**What you are asked to do:** Below is a listing. Quote from it, exactly, the lines from the one containing "Игривая страница раскраски" down to the one containing "Benetton, Camiseta Slim", both ends included, and nothing else.

**Data to process:**

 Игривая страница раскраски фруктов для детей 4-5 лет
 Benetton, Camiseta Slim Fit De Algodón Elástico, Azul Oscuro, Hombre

...

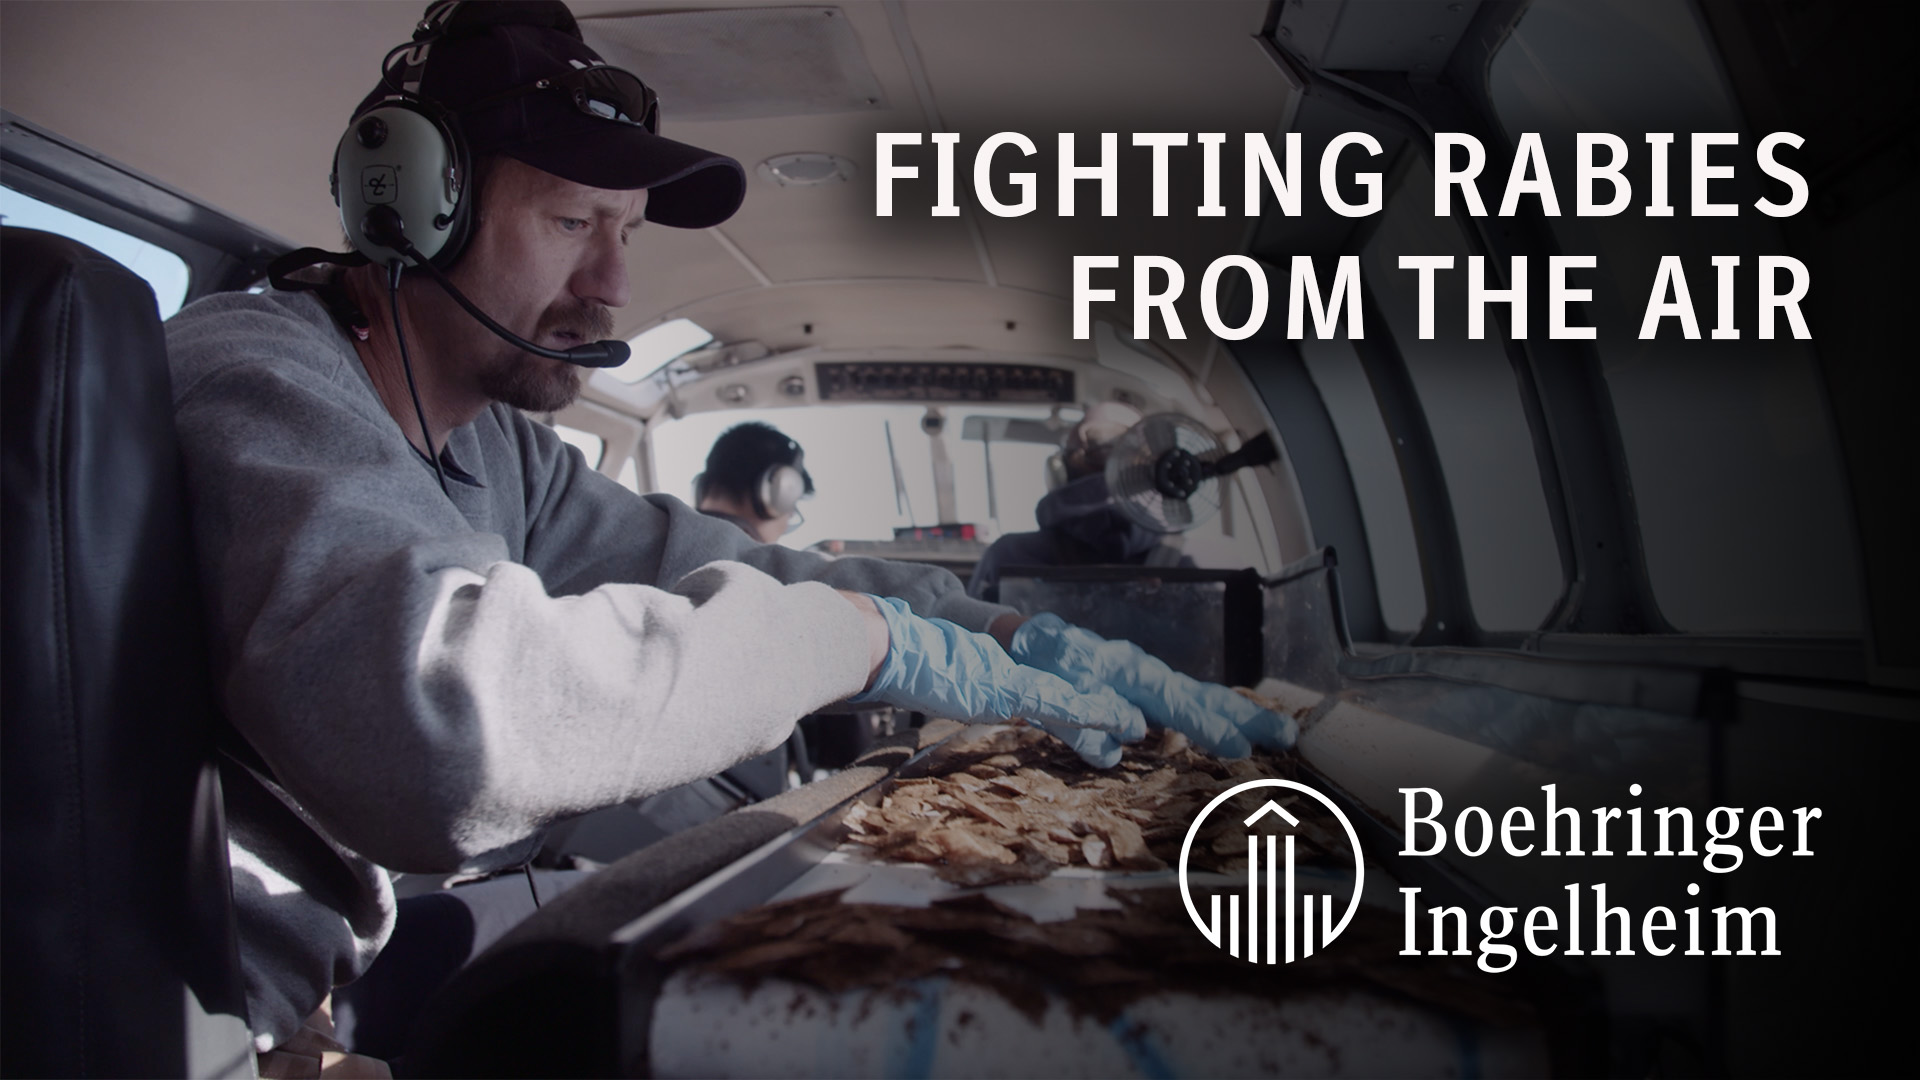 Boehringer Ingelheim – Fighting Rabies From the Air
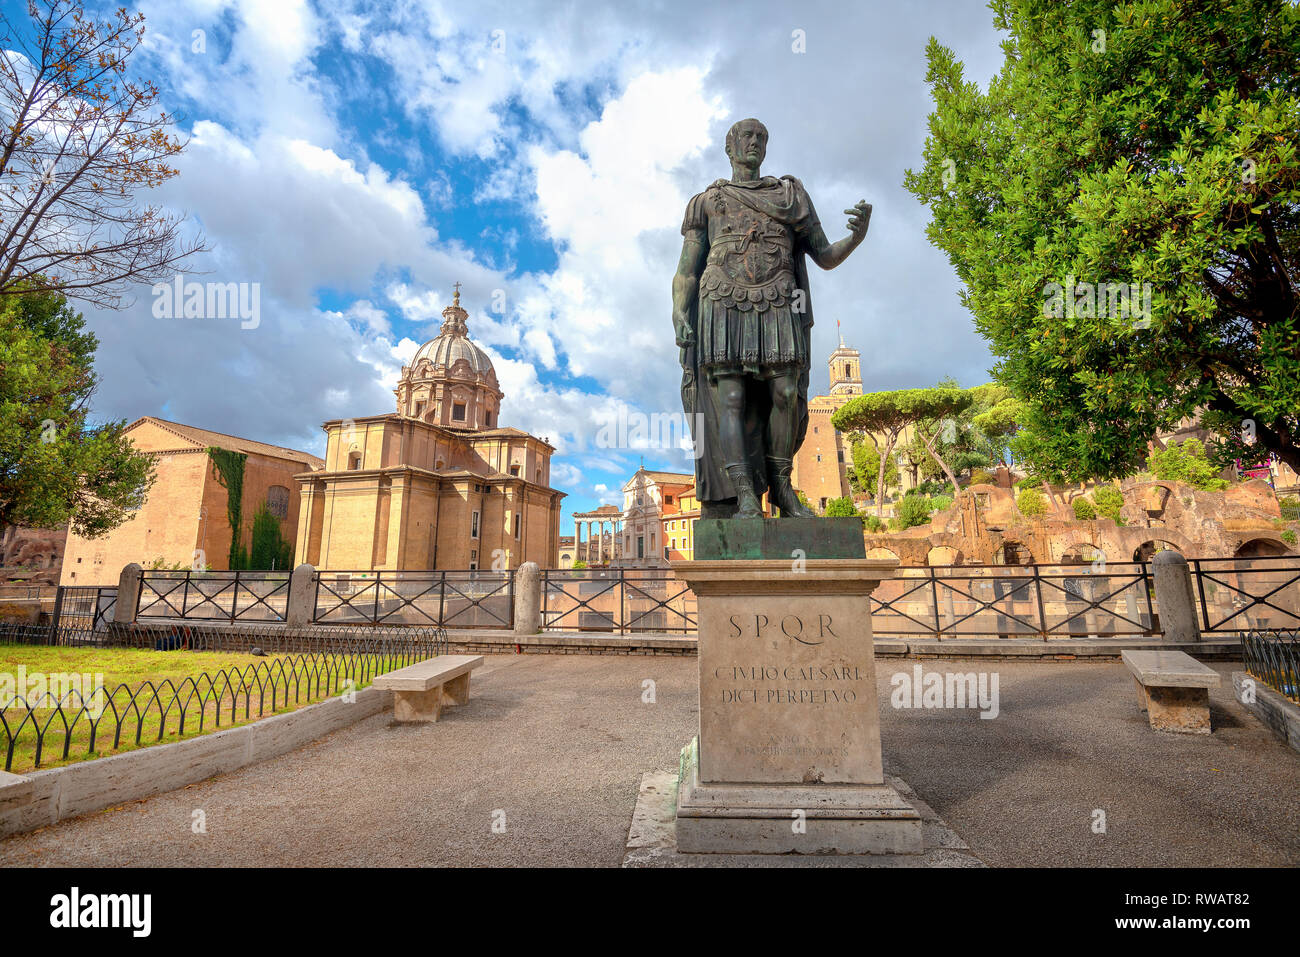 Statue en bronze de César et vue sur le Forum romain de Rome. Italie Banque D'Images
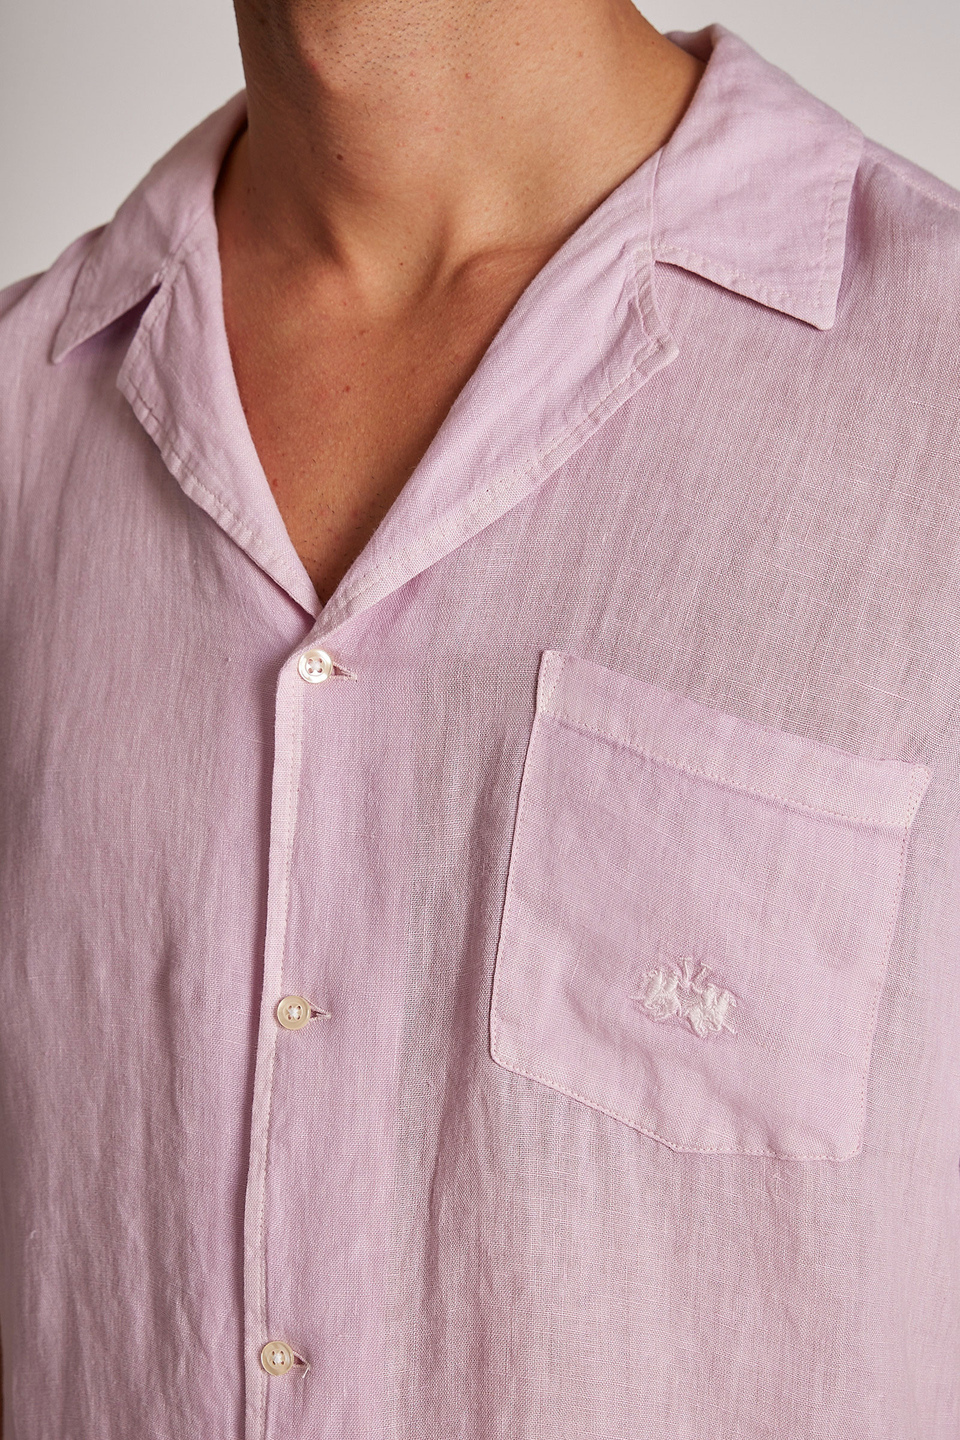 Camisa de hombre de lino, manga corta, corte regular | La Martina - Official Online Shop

==

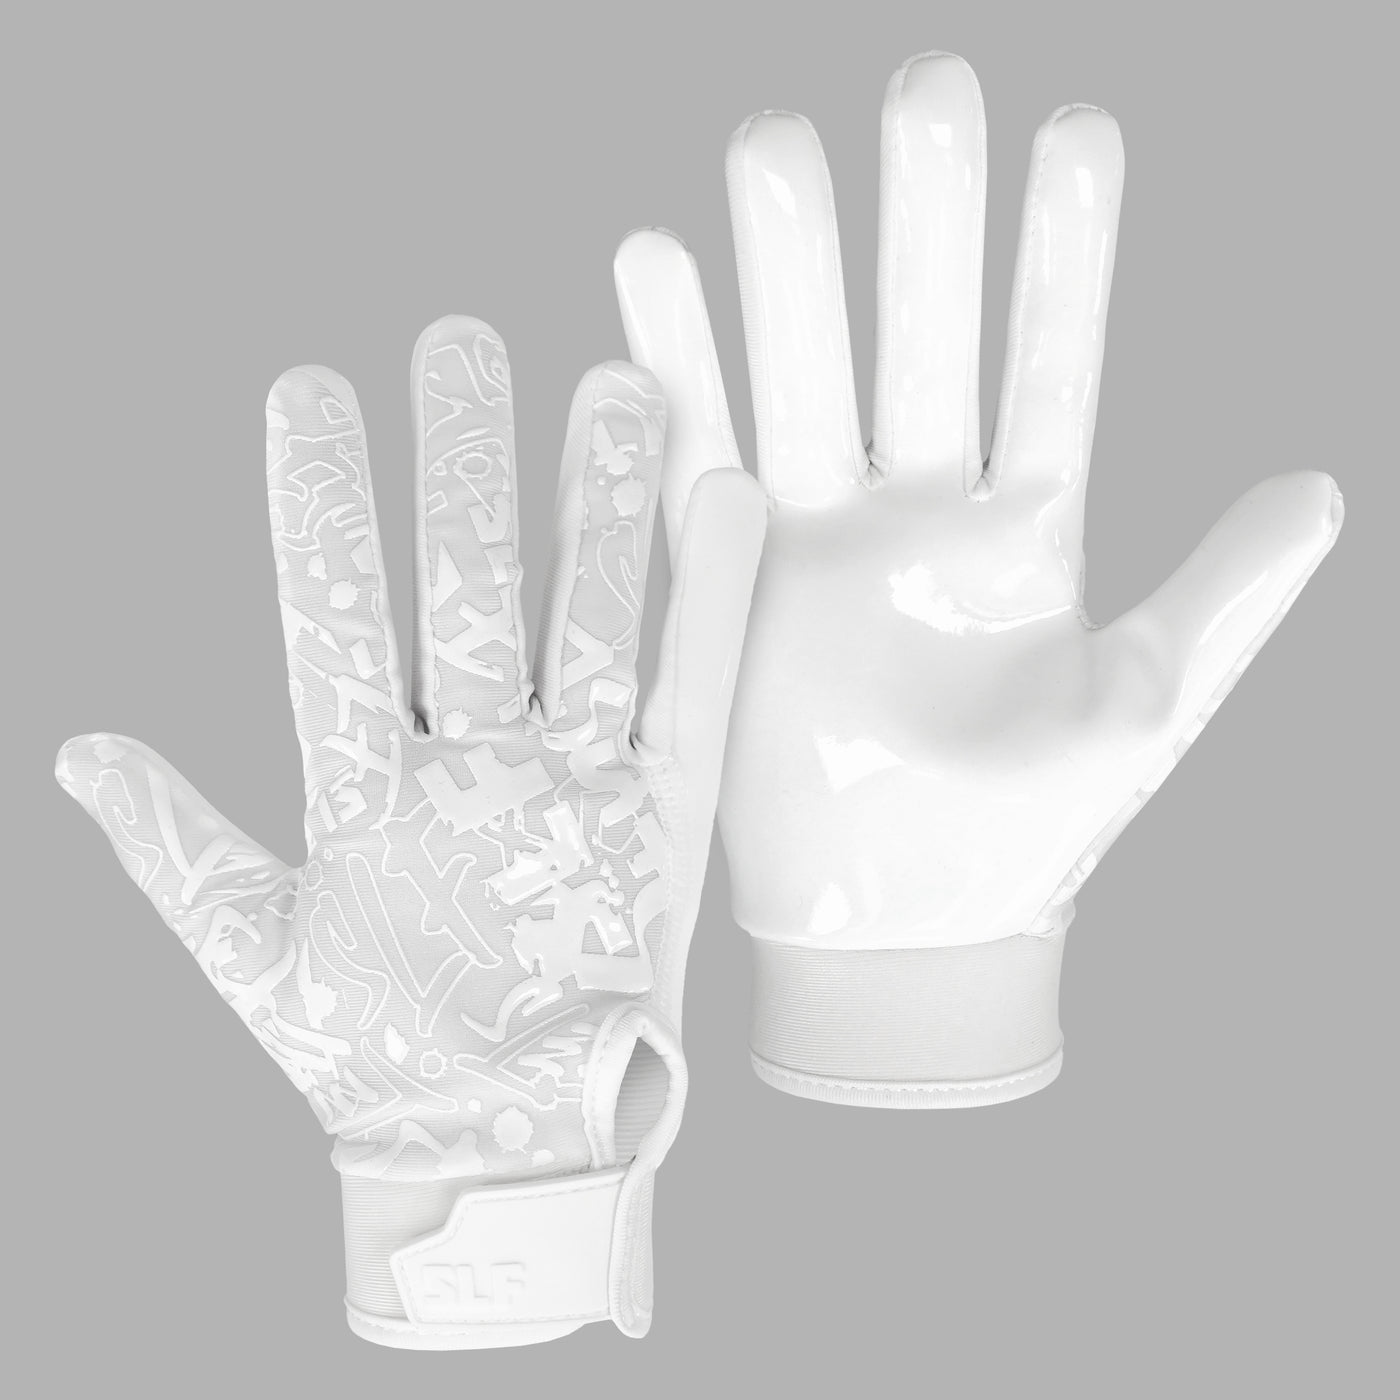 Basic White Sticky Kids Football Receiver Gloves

**Response box:**
 Игривая страница раскраски фруктов для детей 4-5 лет
 Benetton, Camiseta Slim Fit De Algodón Elástico, Azul Oscuro, Hombre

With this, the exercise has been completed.